▶ WHAT IS BEING ASKED: Output each entry verbatim and exclude every picture from it.

▶ DATA FOR THIS TASK:
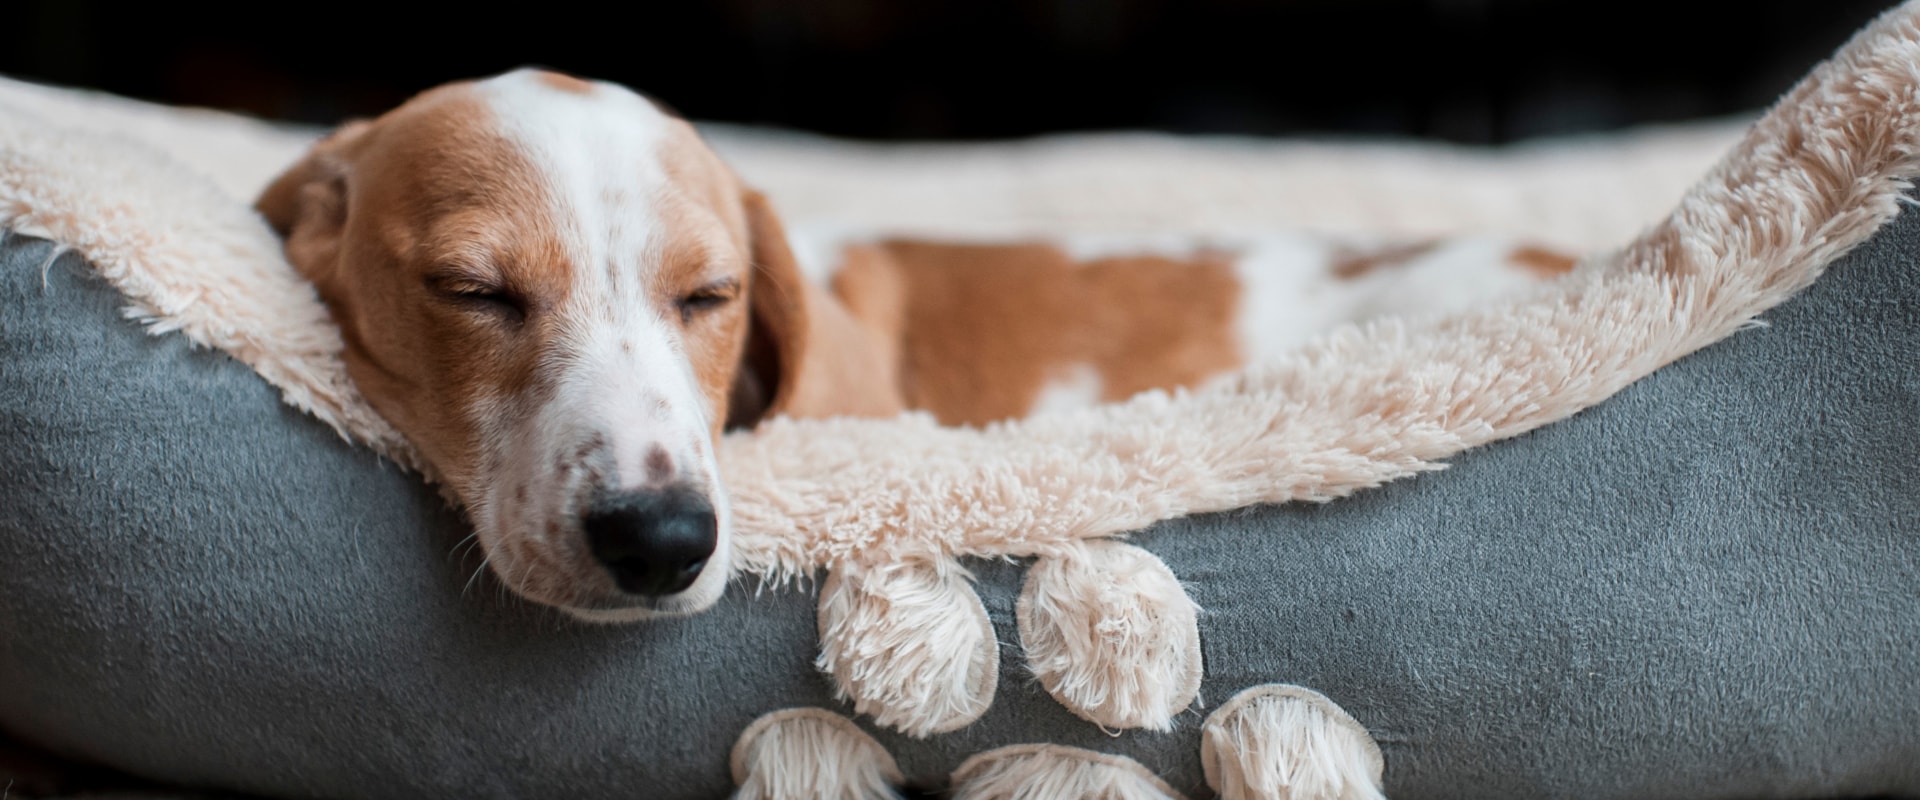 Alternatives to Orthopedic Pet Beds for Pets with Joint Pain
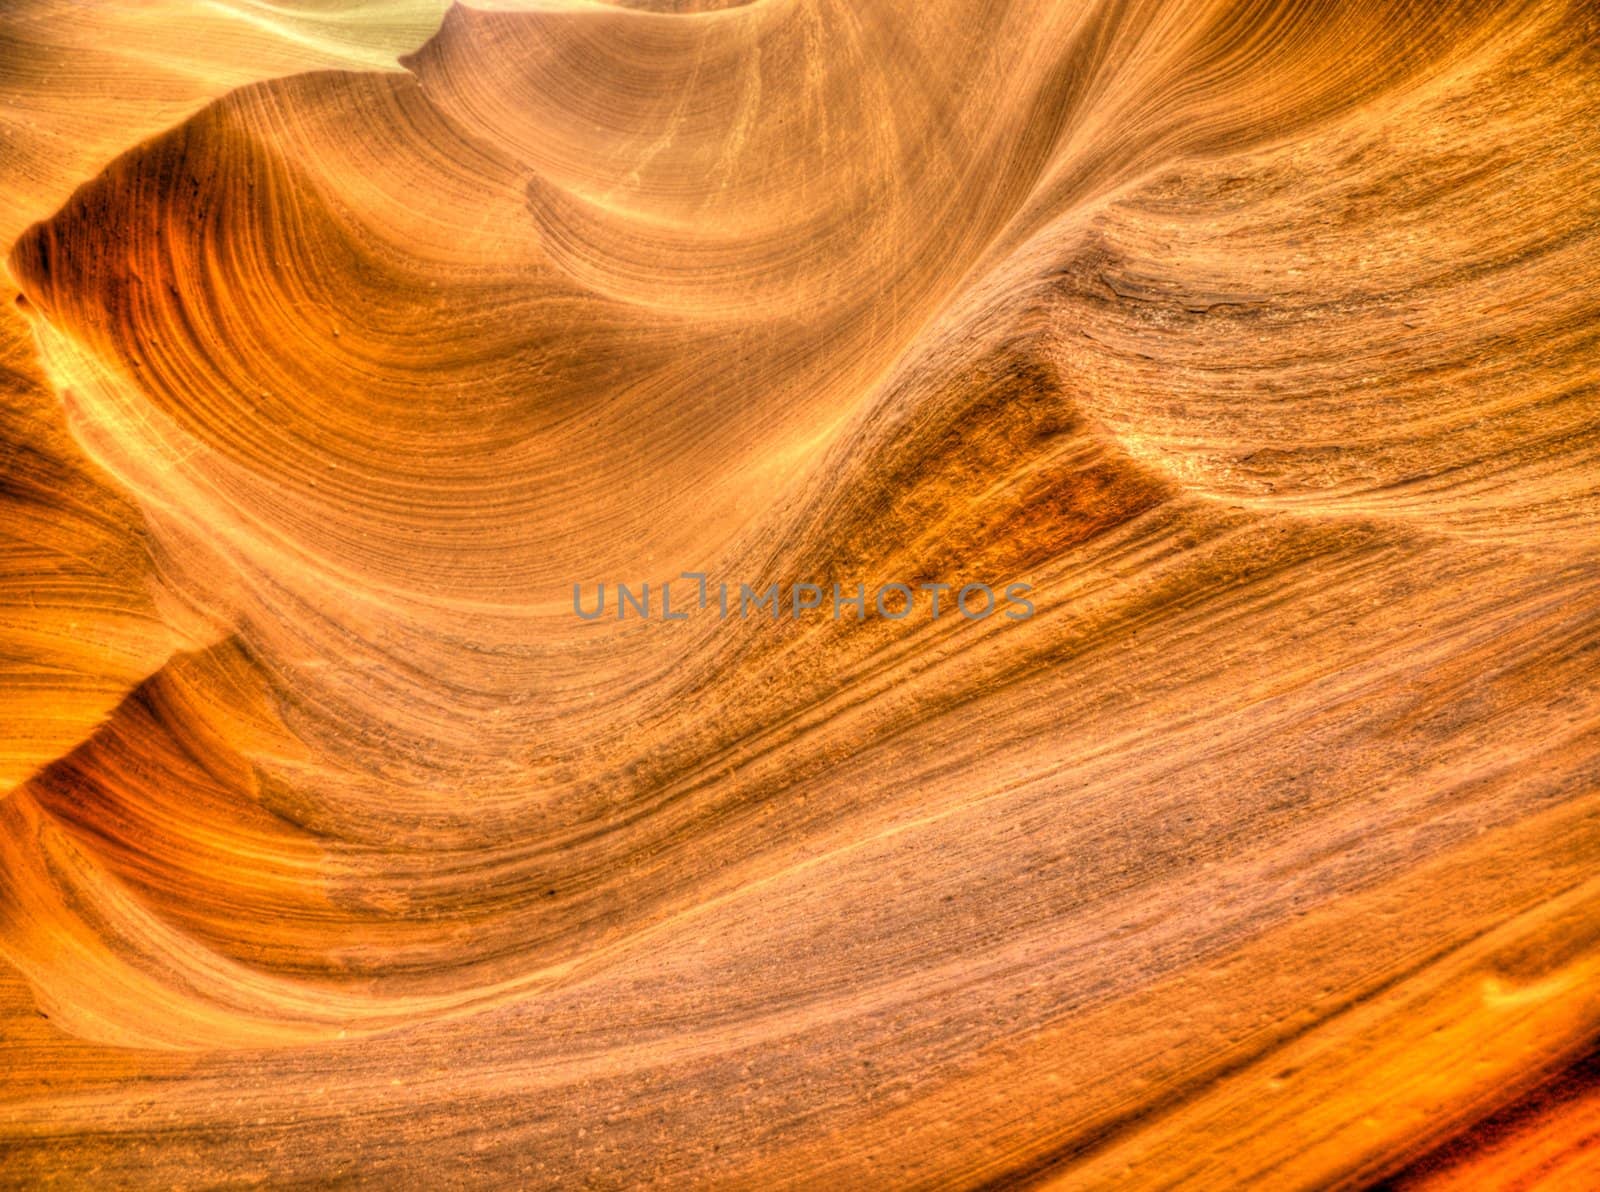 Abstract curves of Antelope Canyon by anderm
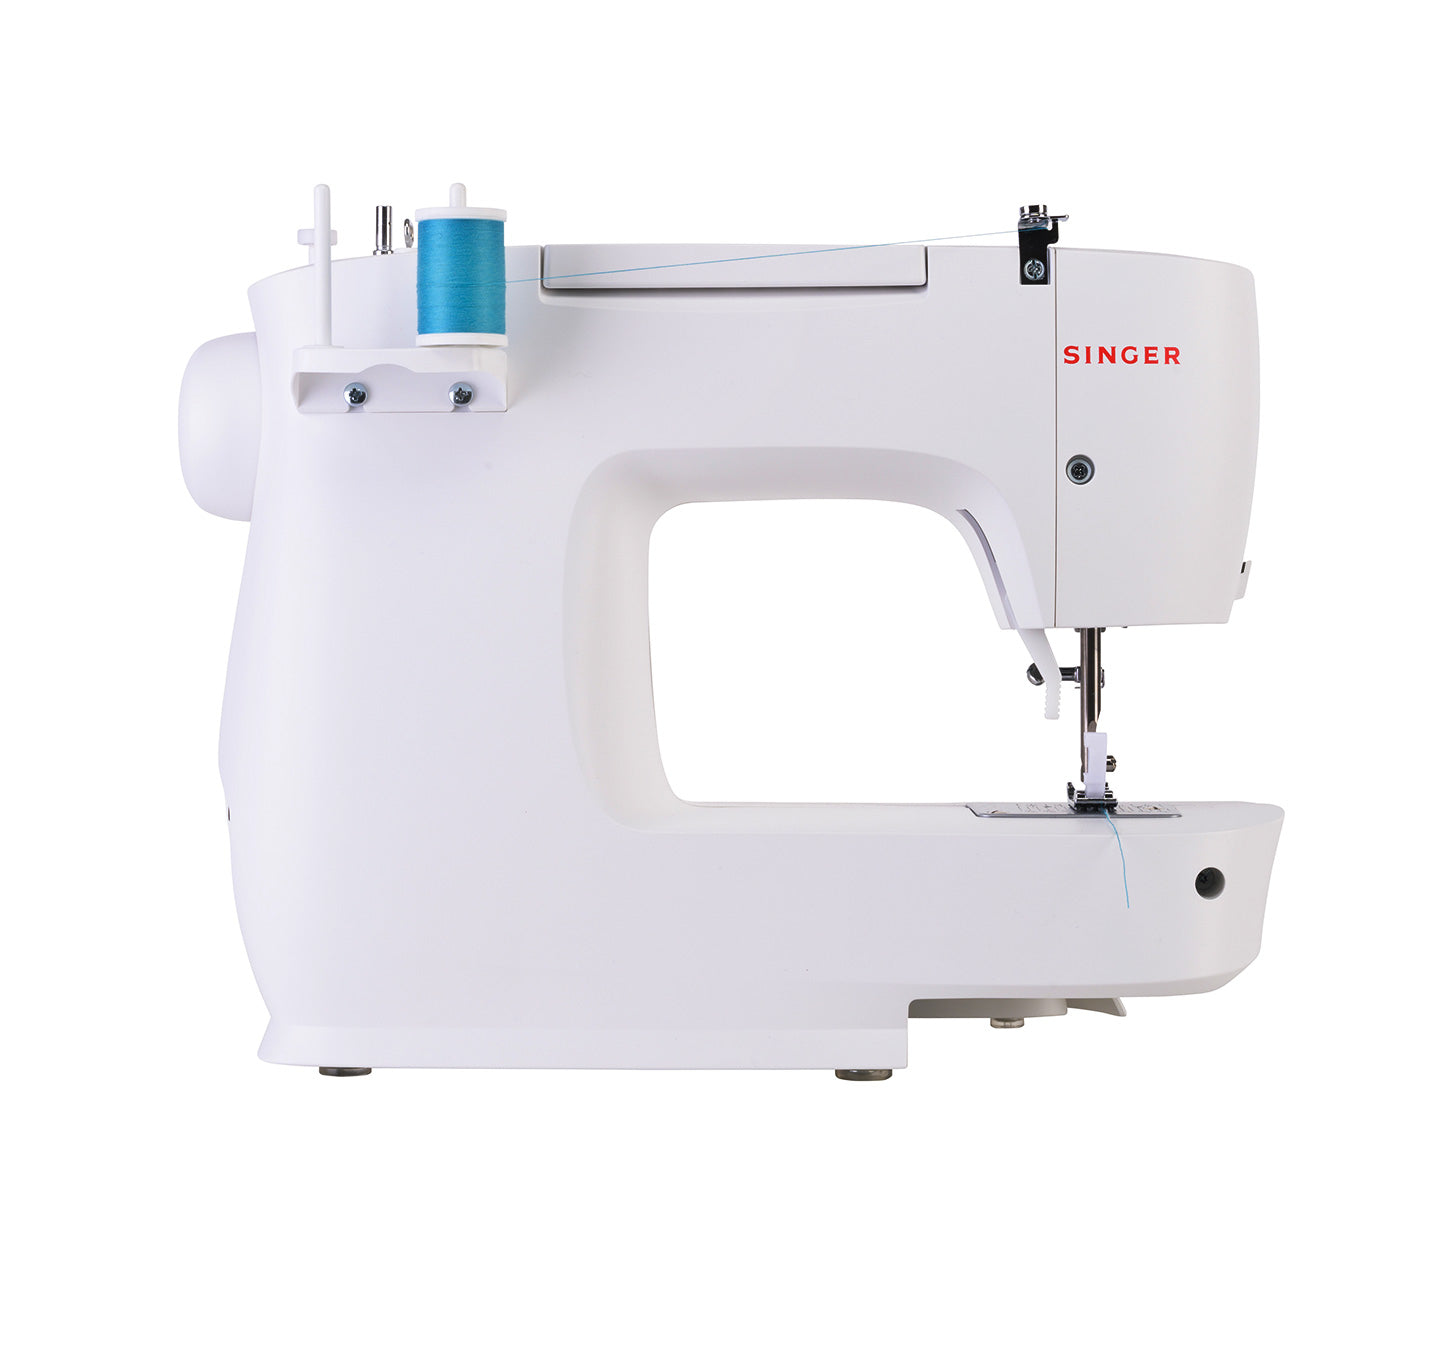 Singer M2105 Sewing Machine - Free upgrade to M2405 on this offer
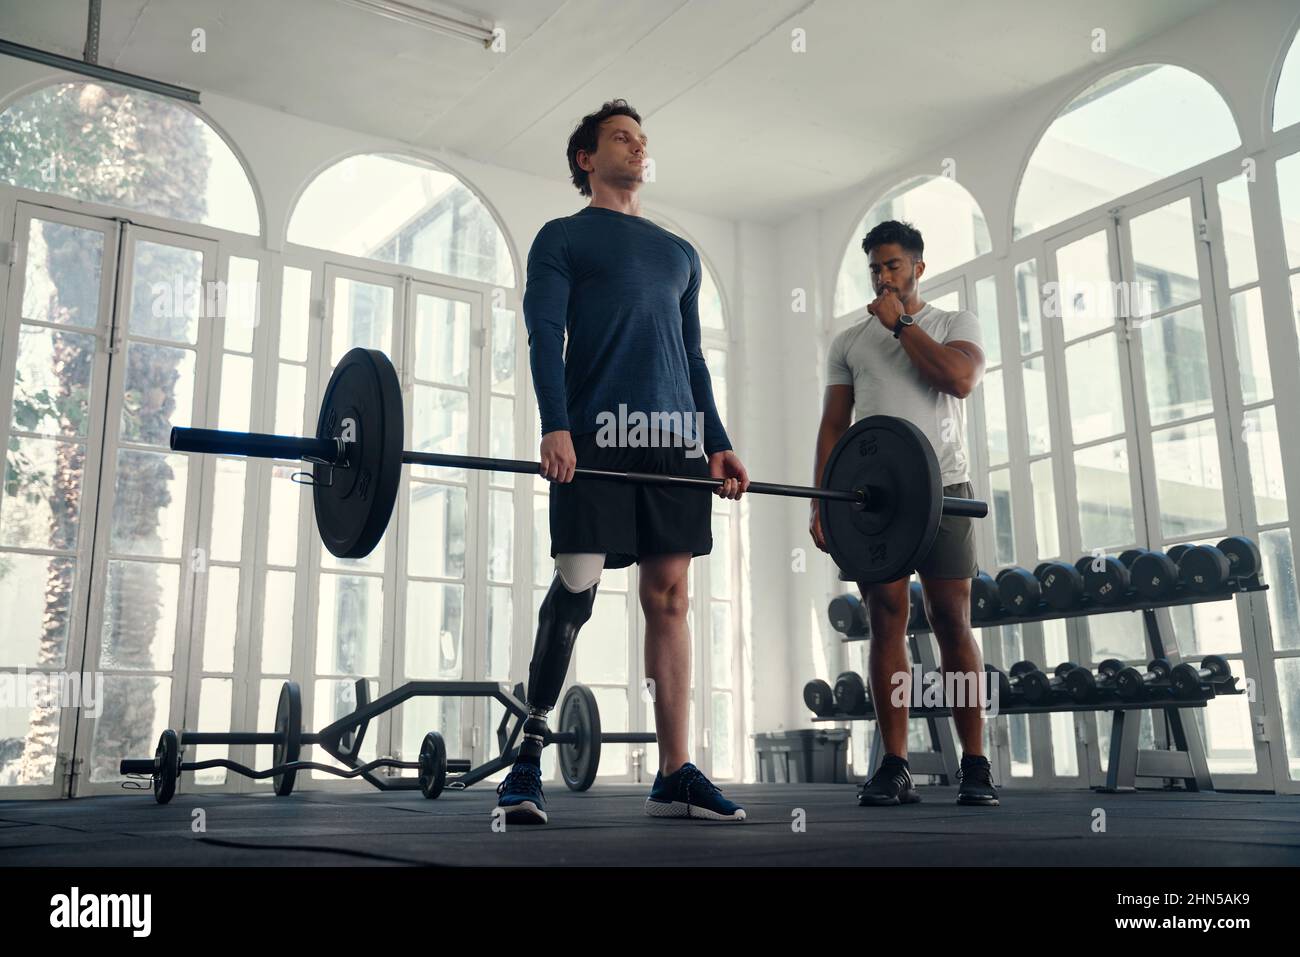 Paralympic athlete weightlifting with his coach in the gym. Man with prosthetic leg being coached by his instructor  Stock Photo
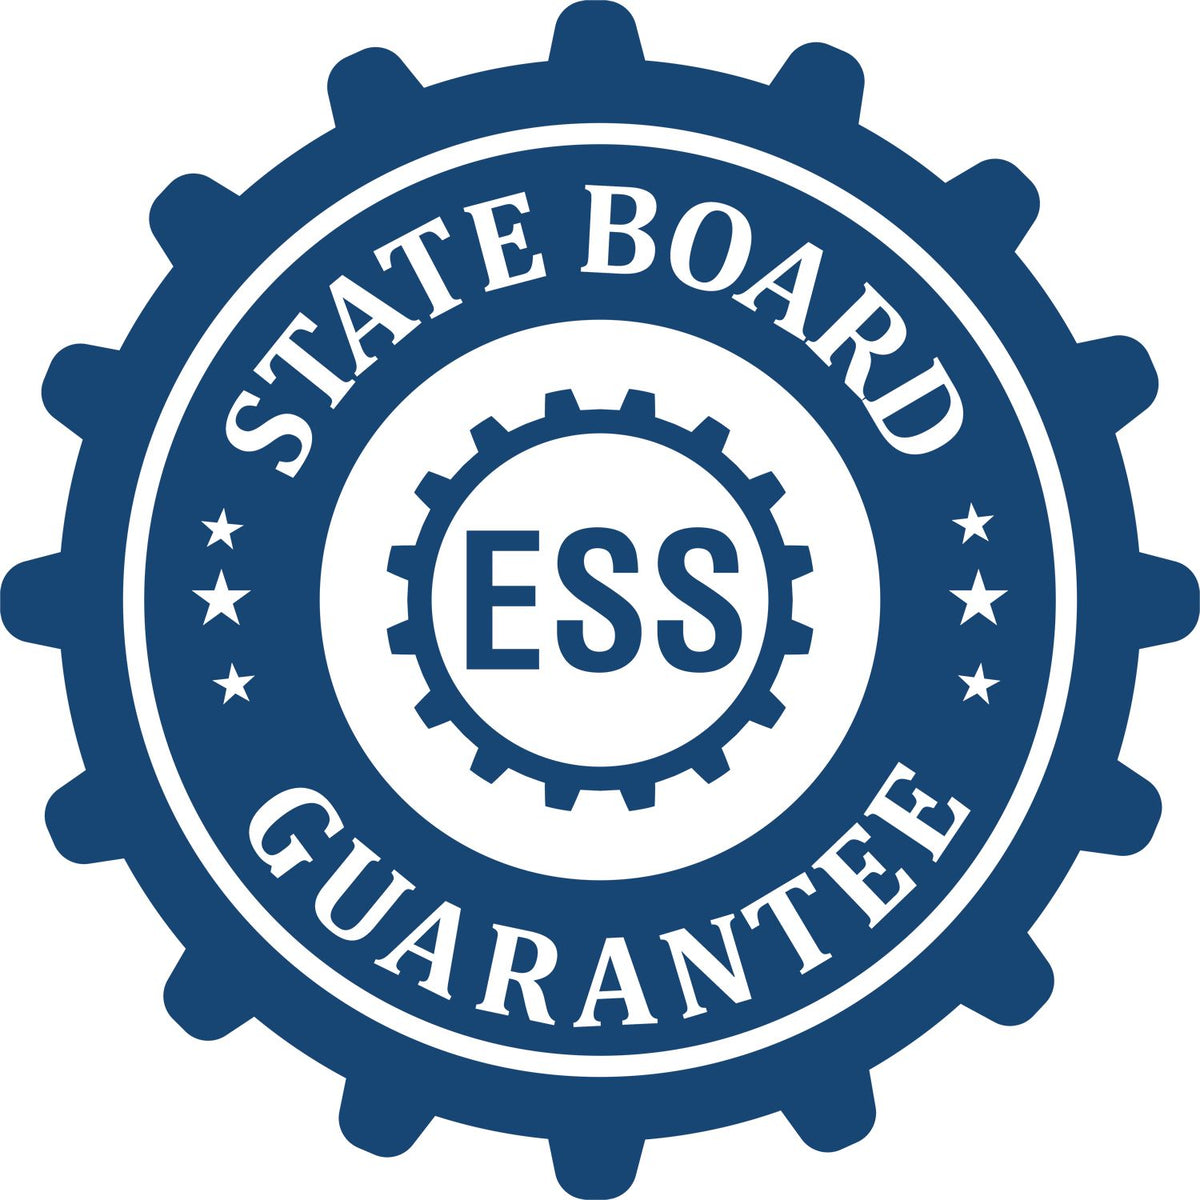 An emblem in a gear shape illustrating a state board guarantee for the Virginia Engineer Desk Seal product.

▶ FINISHED TASK:
 Alternatives to Orthopedic Pet Beds for Pets with Joint Pain
 Abstract curves of Antelope Canyon by anderm
 Singer M2105 Sewing Machine - Free upgrade to M2405 on this offer
 Paralympic athlete weightlifting with his coach in the gym. Man with prosthetic leg being coached by his instructor  Stock Photo
 An emblem in a gear shape illustrating a state board guarantee for the Virginia Engineer Desk Seal product.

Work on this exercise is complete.